Ah, but that's the point. A counter-intuitive system needs to have something that it uses as a fulcrum. FIP-based stats use BABIP as that fulcrum, pretending that it's random enough to operate that way, preferring to believe that the slice of data that it uses is somehow sufficient to leach out all the "fielding luck."

In QMAX that fulcrum is the strand rate, which can either be measured directly or can be simulated (just as BABIP acts a proxy in that system for focusing only on balls in play) by looking at the difference in batter vs. pitcher OPS in general and a key subset of that measure--batter vs. pitcher OPS with men on base.

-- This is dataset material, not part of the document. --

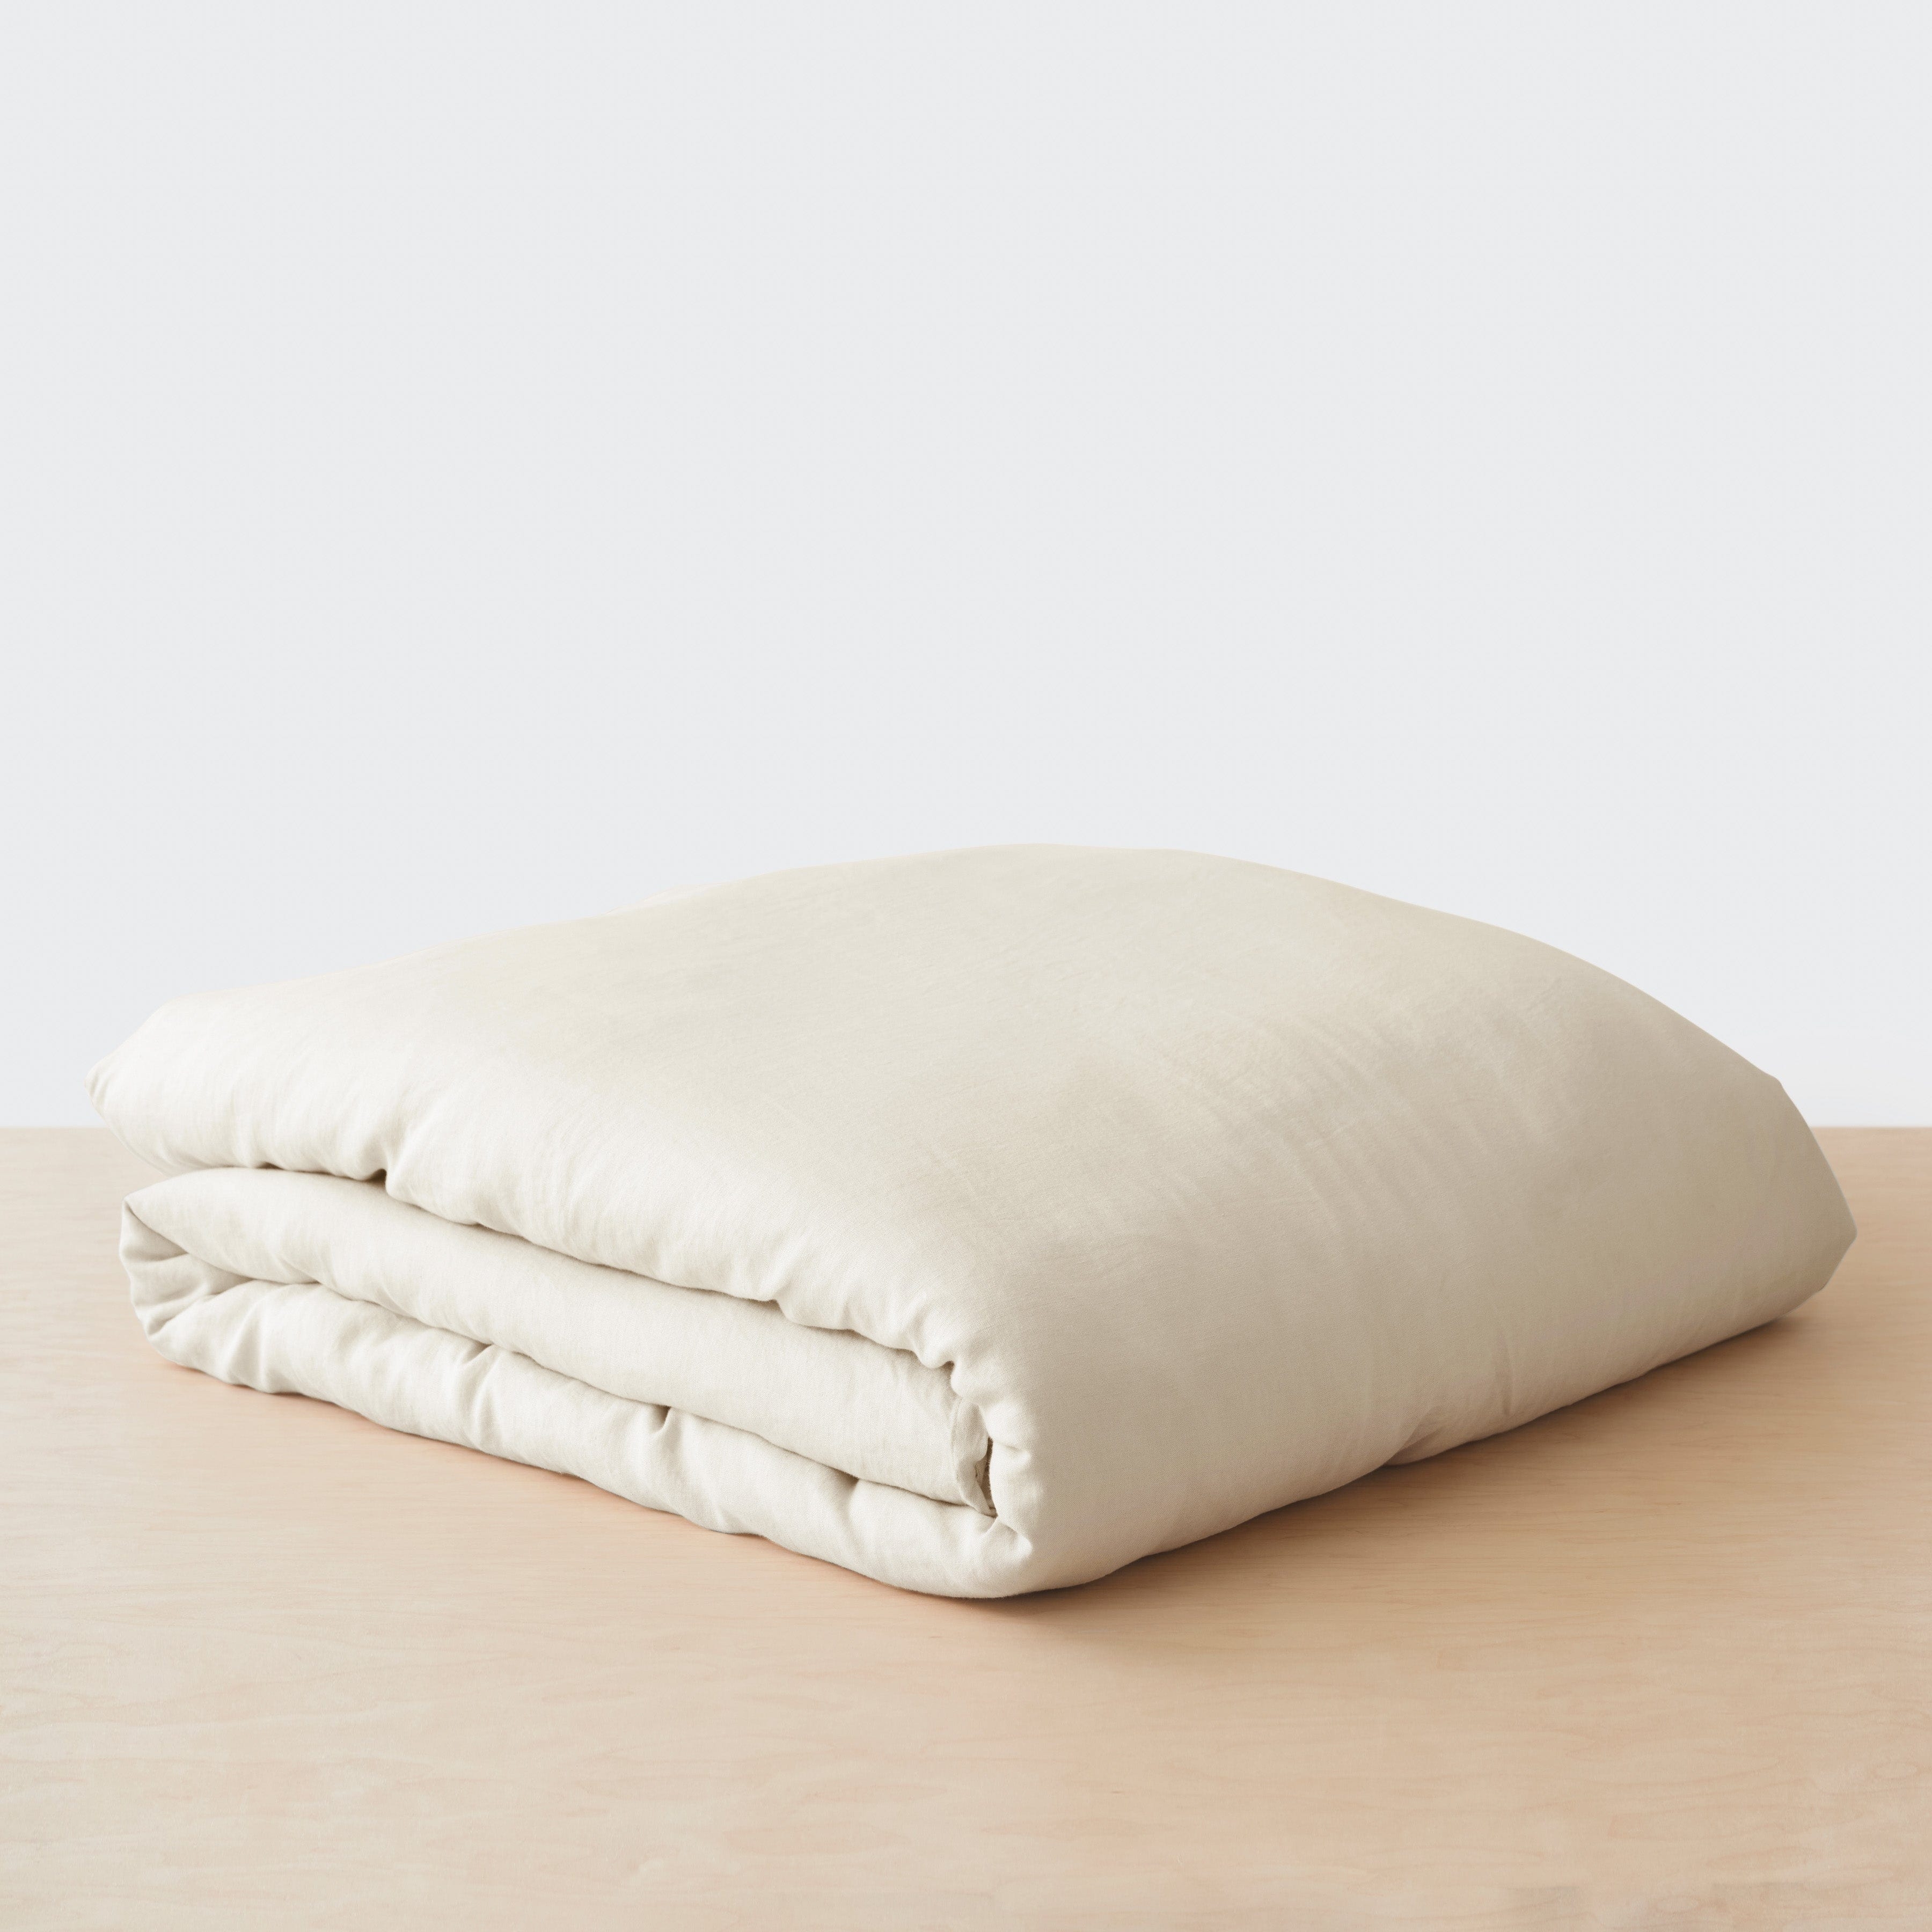 The Citizenry Stonewashed Linen Duvet Cover | Full/Queen | Duvet Only | Ivory - Image 4

You want to argue as to which one is more "valid"? Are any of these measures necessarily more "valid" than any others? Take a shot at it. Take your best shot. What might just be mind-opening is to take a look at the deviation in those two batter vs. pitcher OPS figures and see if they point in one particular direction, and whether Greinke might just have had one of the most aberrantly brilliant seasons in baseball history.

The chart at right shows those figures for the twelve pitchers we've looked at in this study. As you can see, while there are some differences, the major trend for these pitchers with respect to batter vs. pitcher OPS is for that figure to rise when men are on base. There are three exceptions to this: Guidry, Pedro, and--

Oh my god. Look at that outlier for Greinke. The average differential for this comparison over all of MLB in 2011 is -3.4% (.780 OPS with men on vs. .754 OPS overall).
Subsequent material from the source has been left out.